Results varied by country and institution. But the overarching finding was the large-scale violation of fundamental rights of institutions' patients, including "their legal capacity, autonomy, dignity, liberty and security of person, physical and mental integrity and freedom from torture and ill treatment and from exploitation, violence and abuse."

Fewer than a third of the 2,450 total ratings were at a satisfactory level, meaning those countries that agreed to the UN convention are at risk of violating the treaty.

The Convention on the Rights of Persons with Disabilities was ratified in 2006 as a way of formally implementing a rights-based model of disability, according to the study.

The deinstitutionalization of people with cognitive, intellectual and psychosocial disabilities is a central goal for WHO, and experts hope the study will motivate this change.

"This study is the first one that really shows an organized picture by using the assessment instrument of the WHO. I hope that this will help us to create a strong front to move forward toward deinstitutionalization," said Melita Murko, technical officer for the WHO Mental Health Programme and co-author of the study.

Furthermore, experts believe the collaboration between countries and WHO during the assessment was a step toward improving current conditions.

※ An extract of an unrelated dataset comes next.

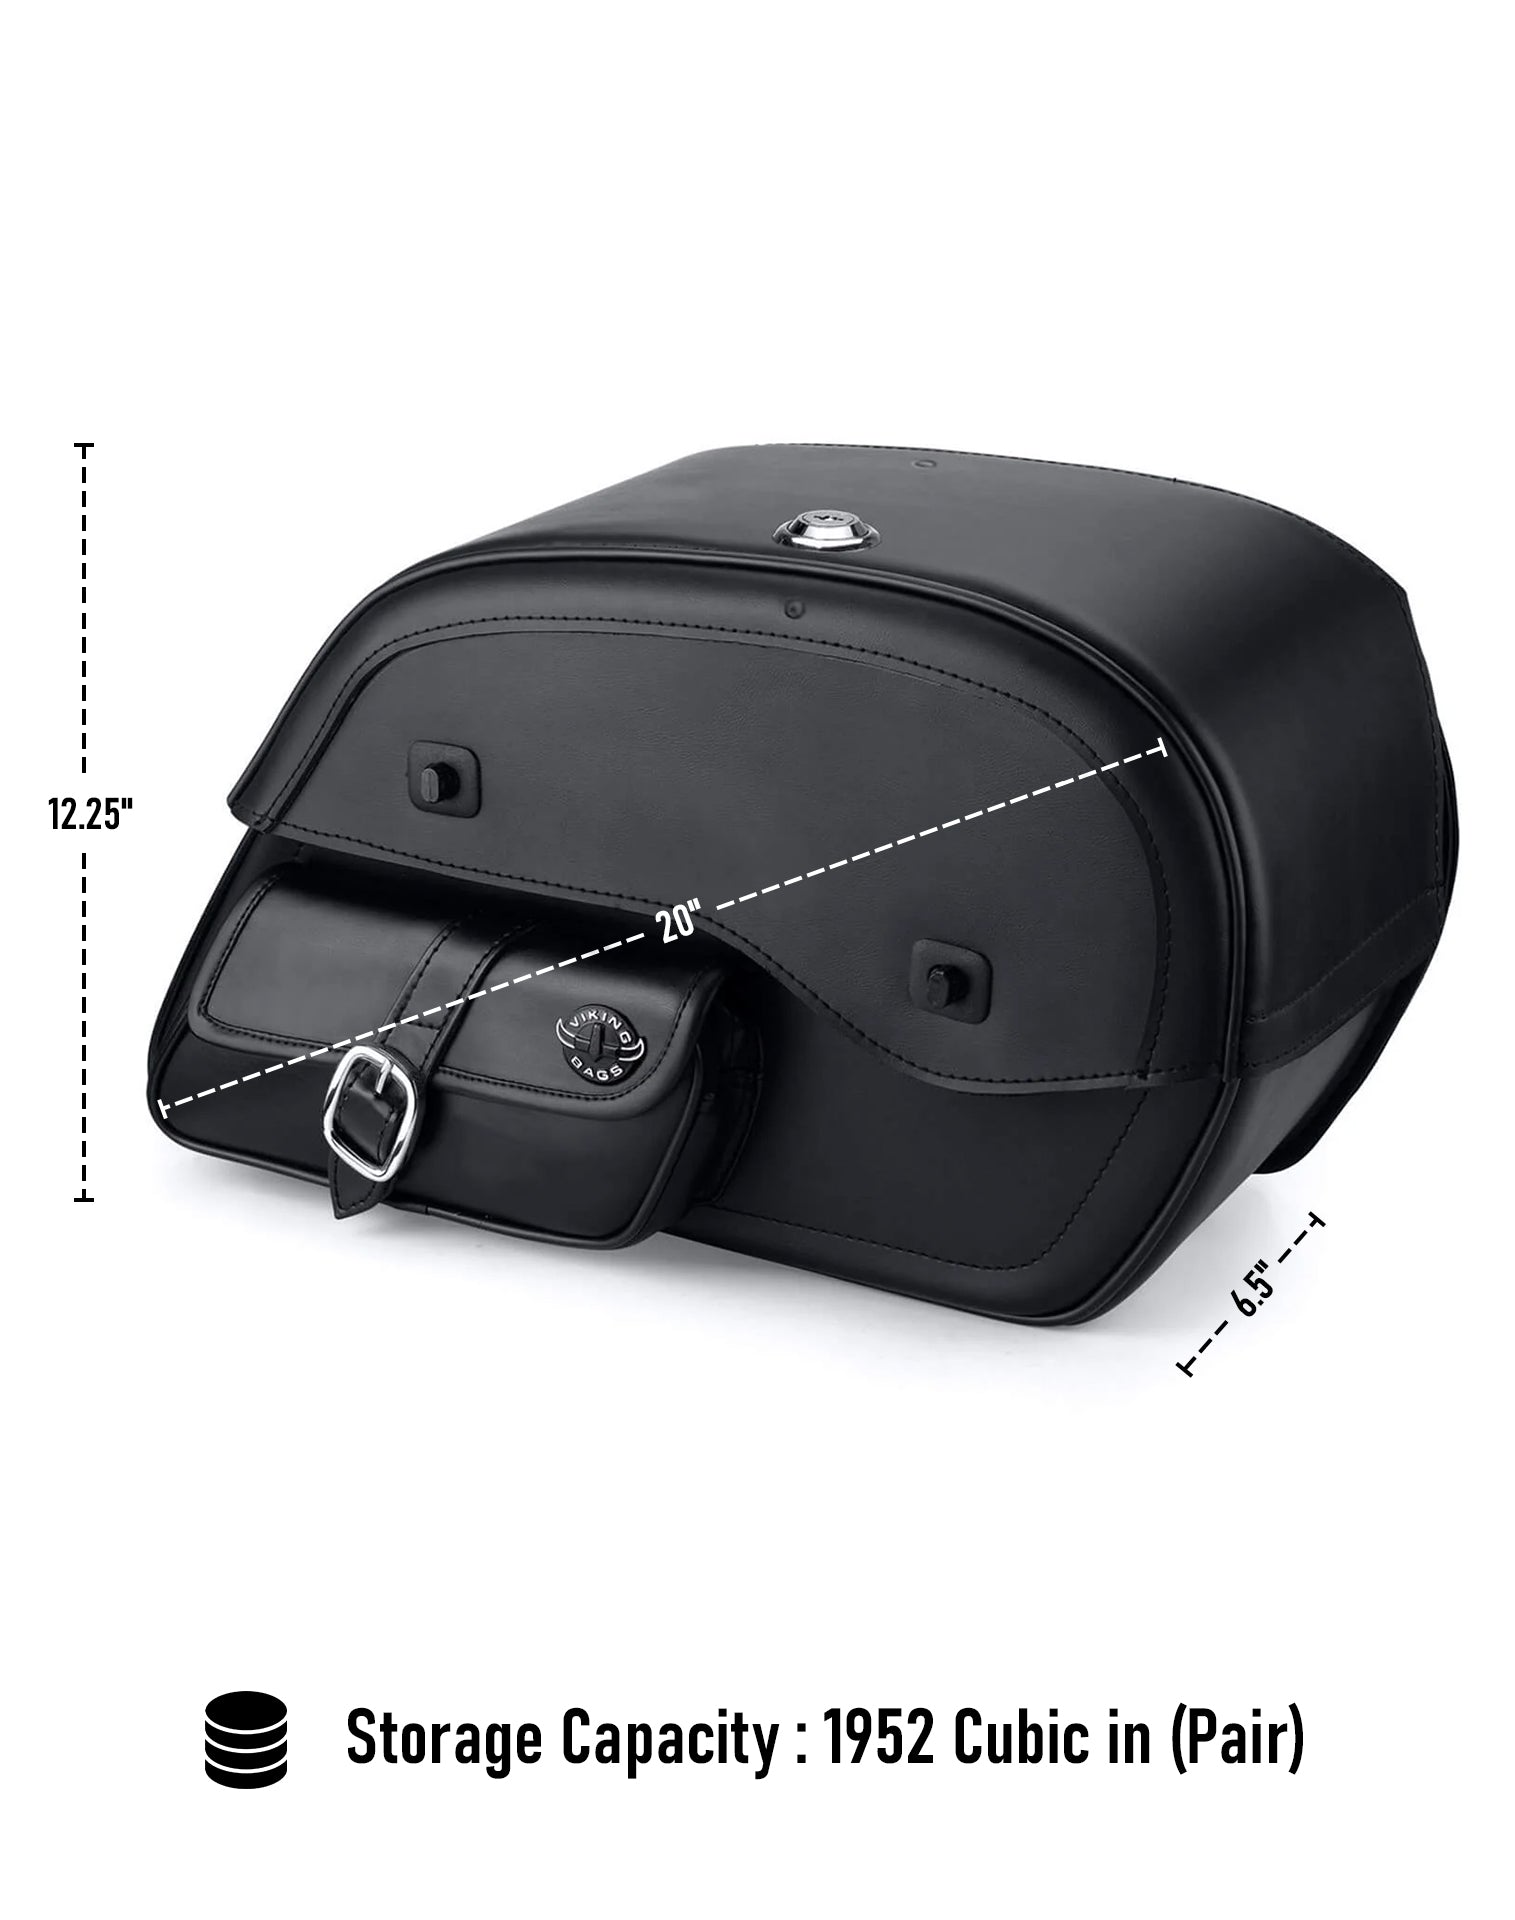 Viking Essential Side Pocket Large Leather Motorcycle Saddlebags For Harley Softail Slim Can Store Your Ridings Gears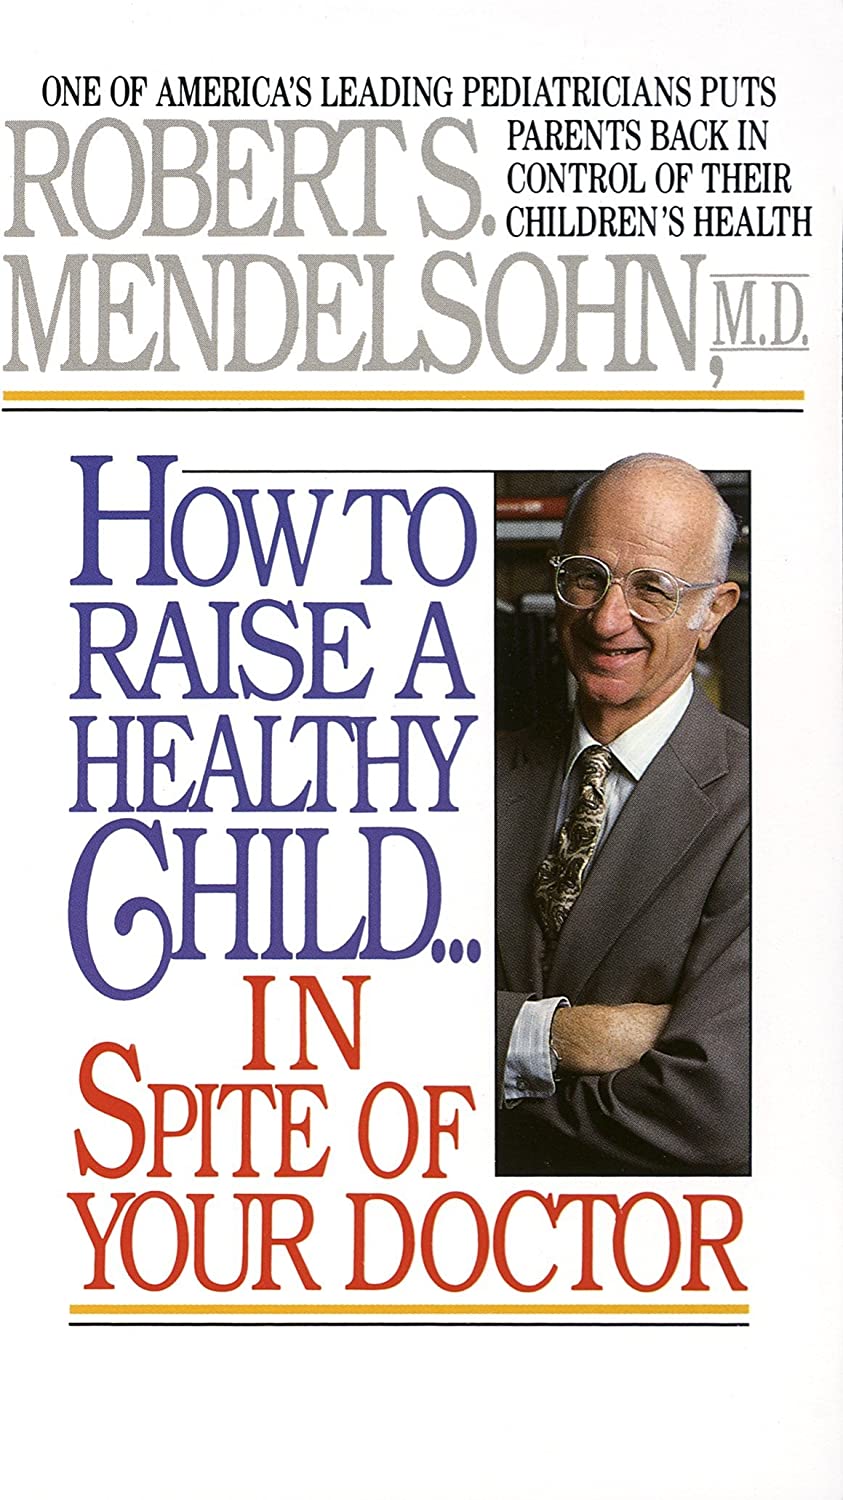 How to Raise a Healthy Child in Spite of Your Doctor: One of America’s Leading Pediatricians Puts Parents Back in Control of Their Children’s Health

"Getting countries to collaborate and engage in this process is in itself something of an accomplishment, irrespective of what the findings of the report present," Chisholm said.

"For the countries and organizations that have taken part in the study, it's clear that they've already started to reflect on where they currently are and where they could change," Kalidindi said. "Now, it's key that everybody in the system, both the government, patients and their families, should be working together to create what a good system looks like according to that country."

With these results, WHO plans to work with European countries to deinstitutionalize and expand community-based systems of mental health care, where specialized services, outreach programs and social and welfare services are offered.

"They are not just victims or someone that has this lifelong diagnosis and nothing can be done for them. Of course, there is something that can be done," Chisholm said.